– На самом деле раздеваться было не обязательно. Наверное, она просто хотела попялиться на твое тело.
– Серьезно, что ли?
– Нет, – Шочи заулыбалась по-настоящему. – Шучу. Одежда мешает току естественной энергии, необходимой для исцеления.
– Уж и не знаю, верить ли тебе, – проговорил Дин. – По-моему, от всех вас, ацтекских цыпочек, добра не жди. Только и пытаетесь покуситься на честь больного беззащитного гринго.
– Если я захочу покуситься на твою честь, – возразила она, – то вполне способна это сделать, когда ты здоров и в расцвете сил. Забыл уже?
Дин не забыл.
– Твоя бабушка еще вернется? – спросил он.
– Просто вышла прихватить кое-какие ингредиенты. Скоро вернется: лечить еще много.
– Не говори так, – ужаснулся Дин. – Я еле-еле первый раунд выдержал.
– Мне жаль.
Дин видел, что ей и вправду жаль. Хоть и прикрываясь остротами, Шочи действительно переживала.
– Знаешь, – Дин махнул здоровой рукой. – Если б мы были в боевике, ты бы сейчас нежно перевязывала мне раны. А потом бы вступил протяжный аккорд электрогитары, и мы бы покатились по постели в замедленной съемке.
– Если б мы были в «Кью, Летающий Змей», – парировала Шочи. – В следующей сцене я бы принесла тебя в жертву Кецалькоатлю.

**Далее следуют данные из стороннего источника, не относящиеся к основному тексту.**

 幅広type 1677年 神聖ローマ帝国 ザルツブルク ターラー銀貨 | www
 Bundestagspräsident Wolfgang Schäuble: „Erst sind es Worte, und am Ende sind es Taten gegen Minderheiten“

– Ты же, вроде, говорила, что не смотрела фильм.
Шочи вынула телефон, несколько раз стукнула пальцем по дисплею и развернула его к Дину:
– Решила полюбопытствовать.
На экране ацтекский жрец готовился вырезать сердце какому-то несчастному бедолаге на вершине Крайслер-билдинг[3].
– Сэм прав, – проговорила Шочи. – Кино кошмарное. Смотри, он держит нож совершенно неправильно.
Дин рассмеялся, но смех перешел в слабый кашель. В груди давила тяжесть, правая рука по-прежнему ощущалась чужой и налитой свинцом.
– Ну? Я так понимаю, перевязывать мои раны ты не собираешься?